US dollar trades sideways
Currency markets look like they have closed for the year now, with overnight trading featuring modest ranges unless you are trading Turkish lira. The dollar index is almost unchanged overnight, trading at 96.06 today. A daily close under 95.85 sets up a deeper US dollar correction, potentially into January, assuming omicron remains a storm in a teacup in the minds of the investors globally. The omicron-is-mild rally we’re seeing in the equity markets could well continue into January now, but reality will bite in February I believe, as the end of the Fed taper moves into sight. Still, it’s a perilous exercise to dismiss omicron, with the developing countries of the world at the mercy of further Covid variants.

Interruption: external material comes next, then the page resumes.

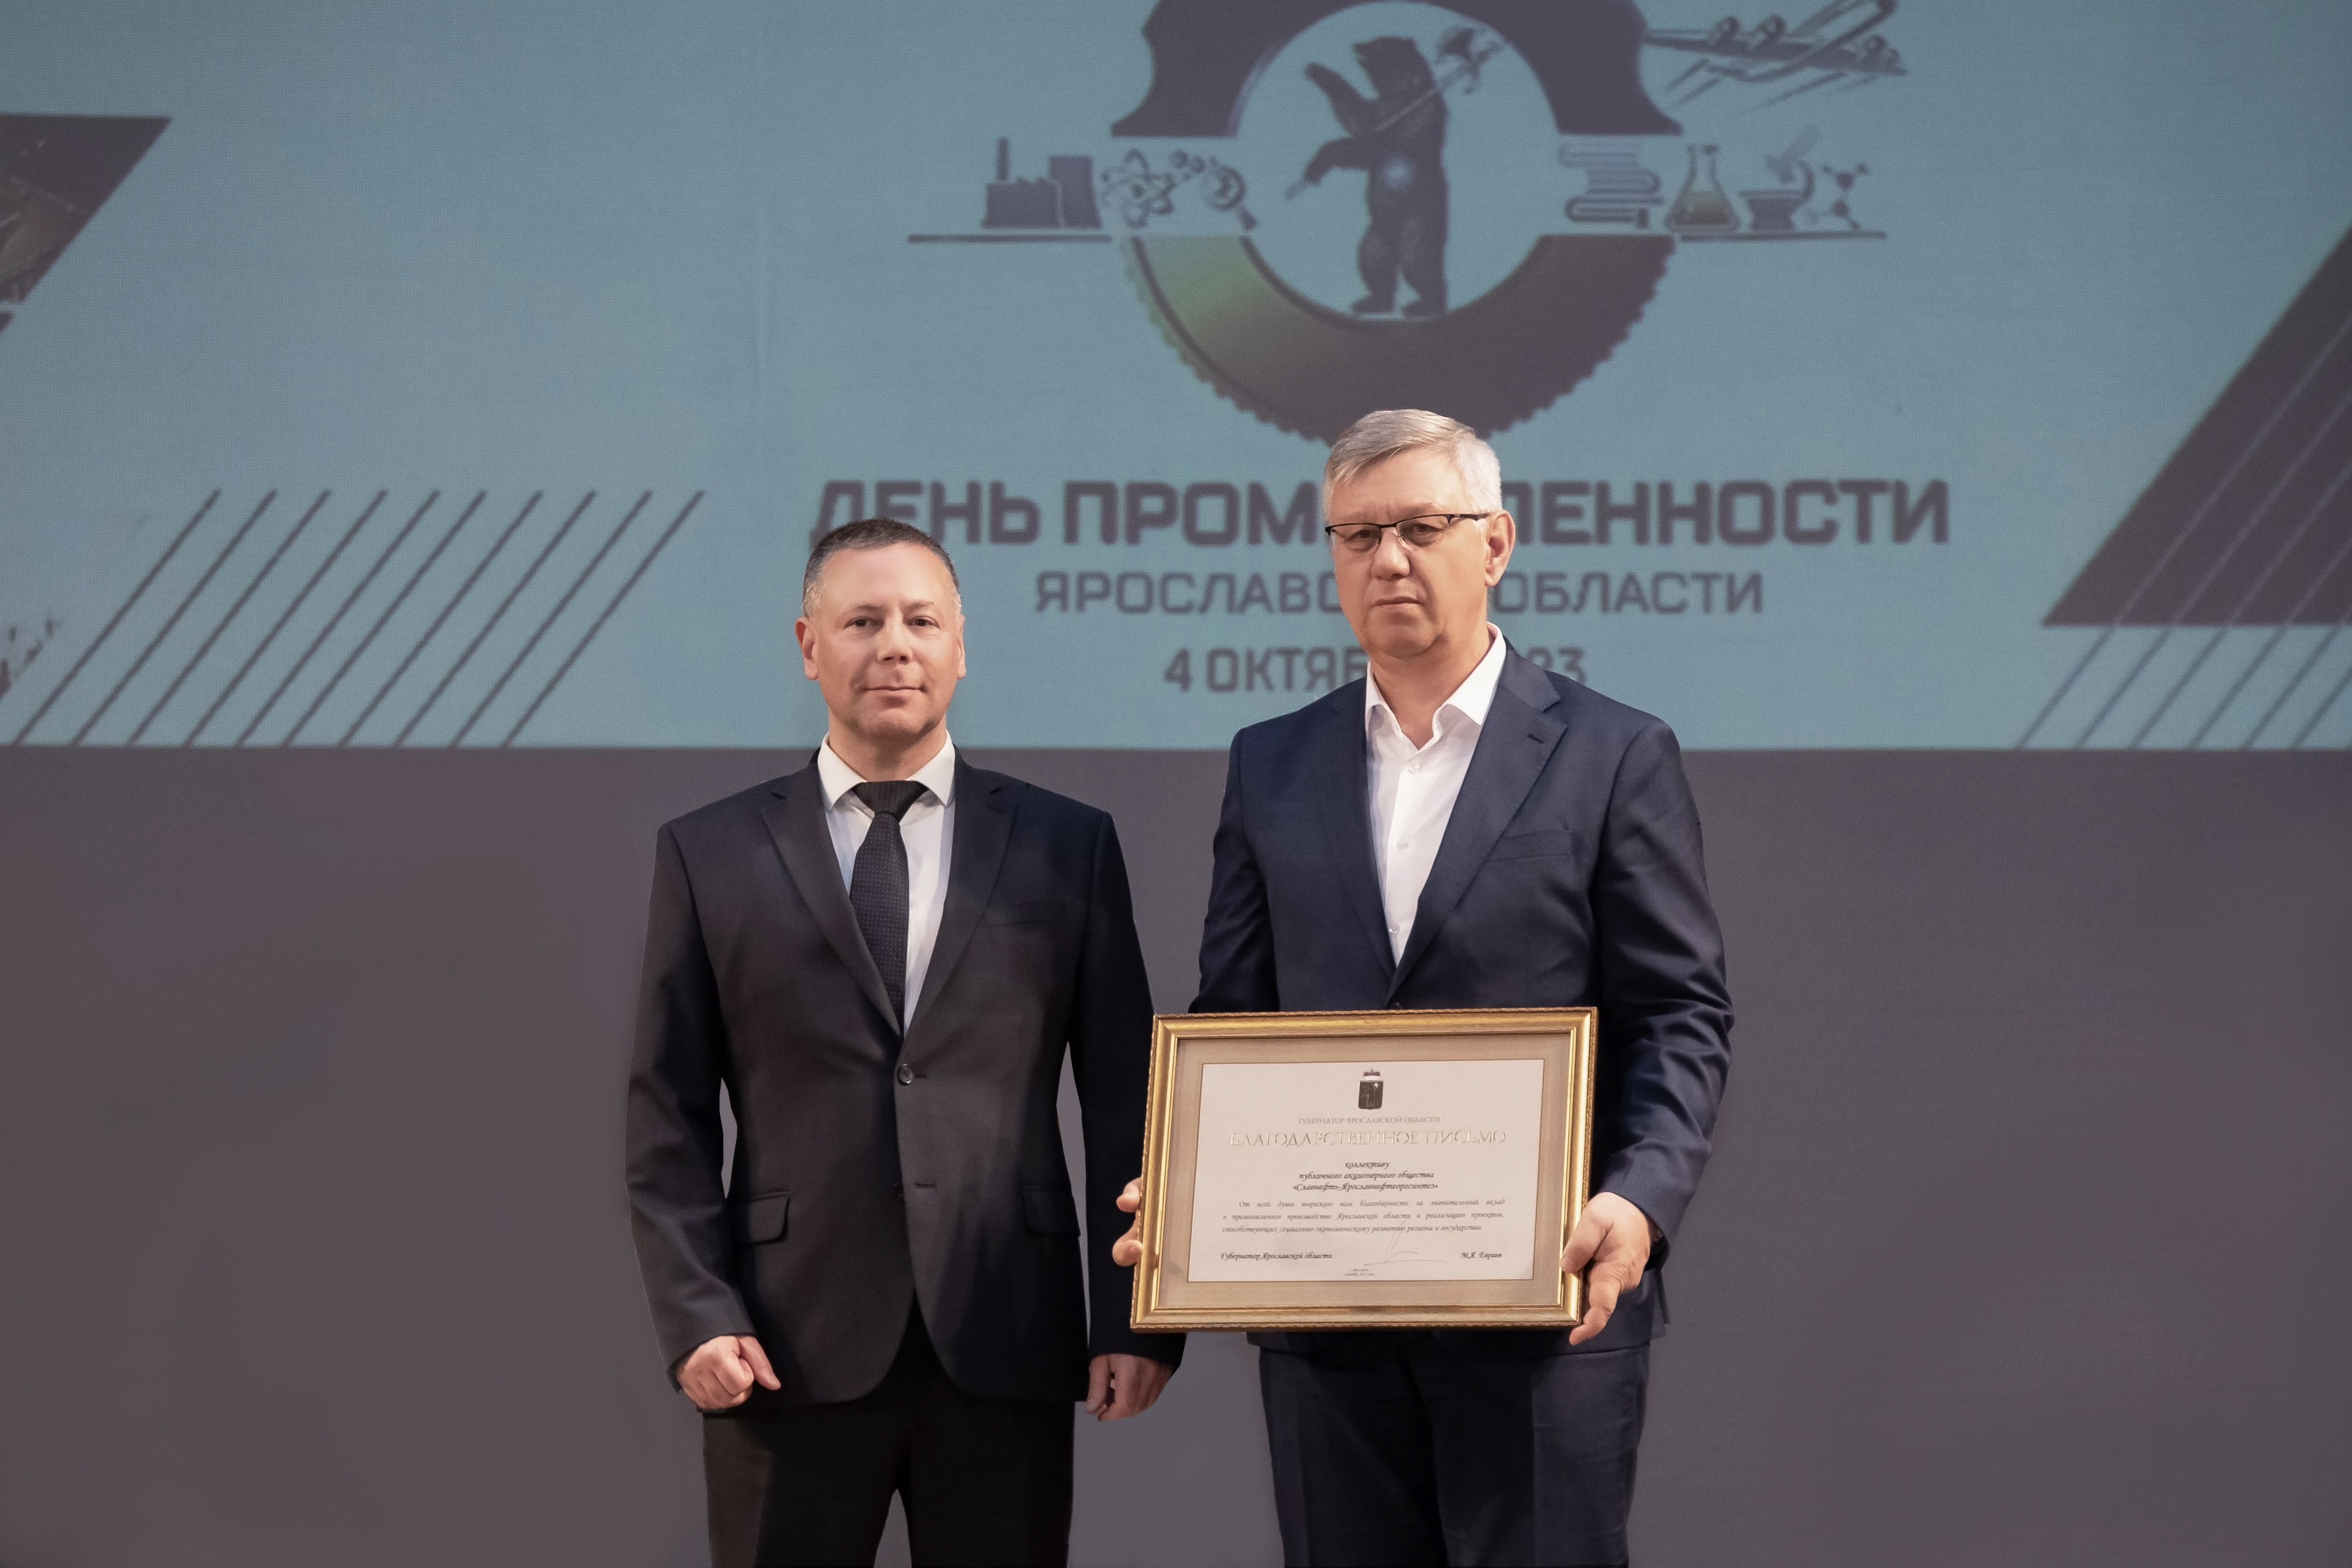 Достижения ЯНОСа были отмечены в преддверии Дня промышленности Ярославской области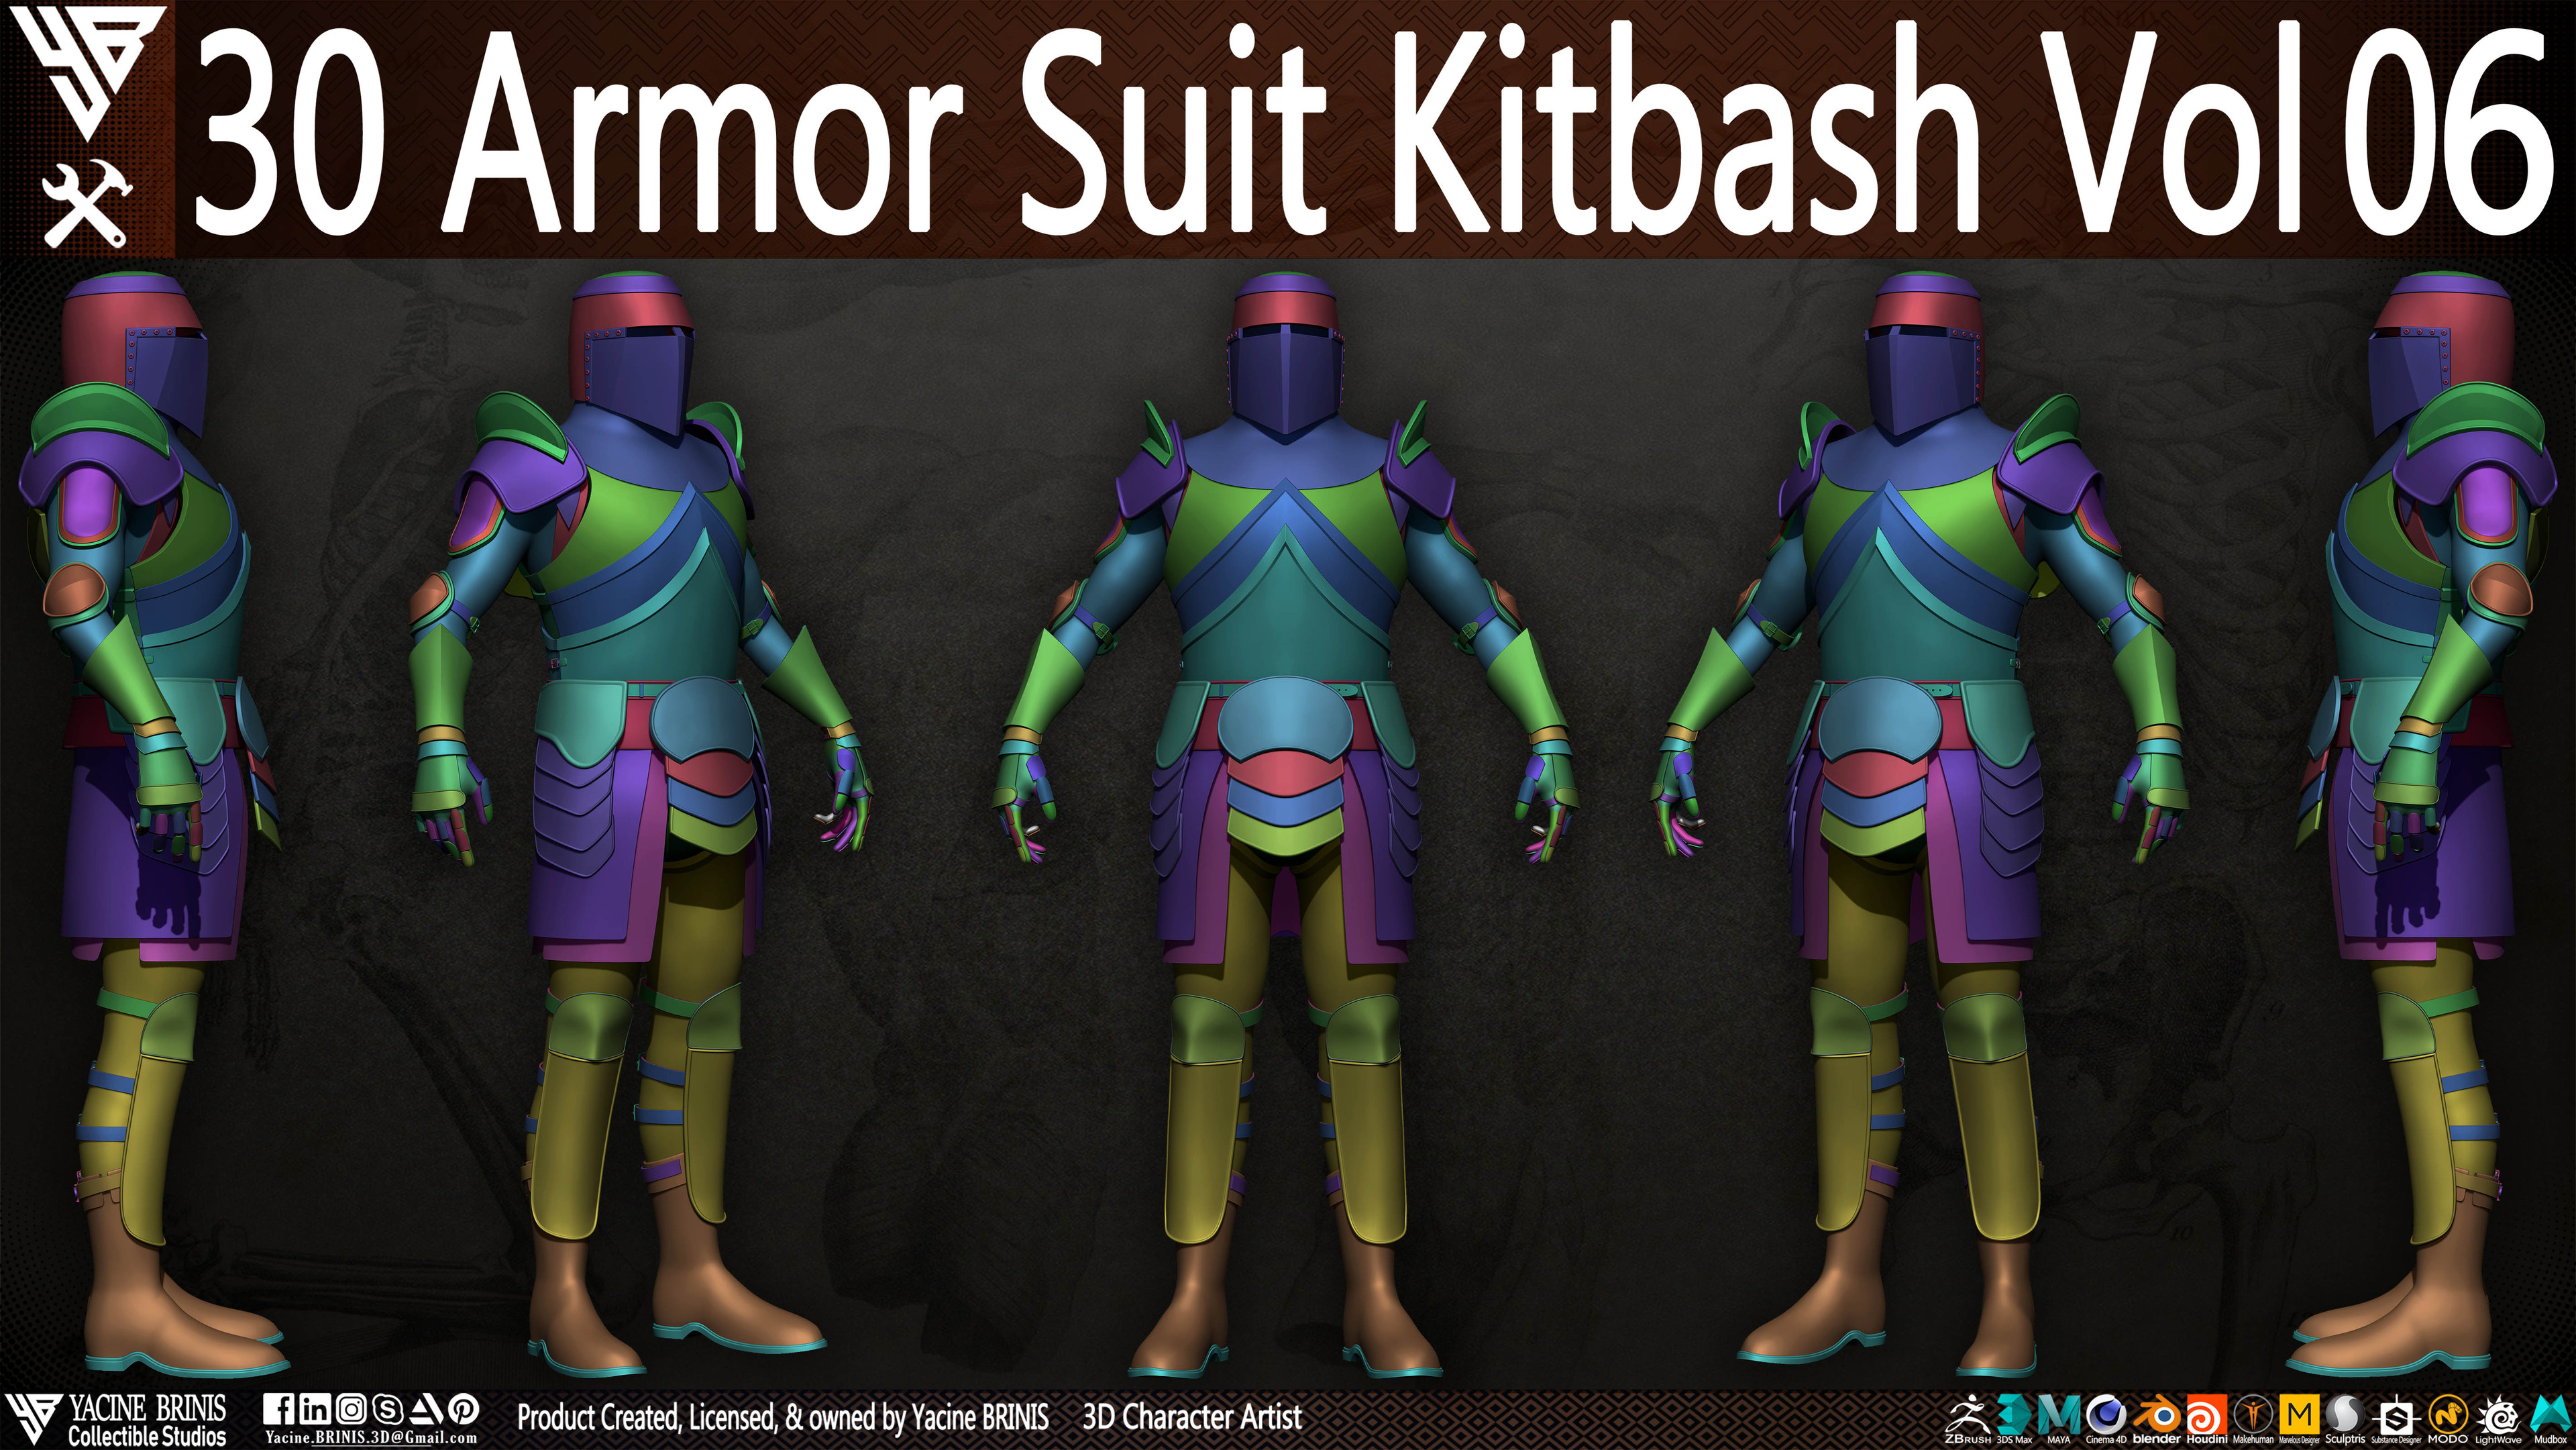 30 Armor Suit Kitbash By Yacine BRINIS Set 036

EUR/USD has hardly moved, trading at 1.1330, but still faces resistance above 1.1360. Only a move above 1.1400 suggests a medium-term low could be in place. Improved risk sentiment, especially around omicron, given the UK caseload, appears to be lifting sterling. It has risen 0.45% to 1.3415. GBP/USD has recaptured 1.3400, signalling a medium-term low. Such is the Prime Minister’s unpopularity in the UK right now, if Boris gets the push over Christmas, sterling will likely rally once again. USD/JPY is at 114.30 today after US yields edged higher overnight.
The three risk-sentiment amigos, the CAD, AUD, and NZD continued booking modest gains overnight. A rise above 0.7250 for AUD/USD and 0.6850 from NZD/USD will signal further rallies into the new year. USD/CAD is at 1.2850 this morning and needs to close below 1.2750 to signal the same. Price action this morning has seen all three edges lower, suggesting that investors are trimming long positions into the holidays.
Asian currencies continue range trading as the PBOC once again set a weaker yuan fixing. The Asian interbank market looks to have closed shop for the year now. A stronger yuan continues to backstop Asian FX from negative sentiment shifts.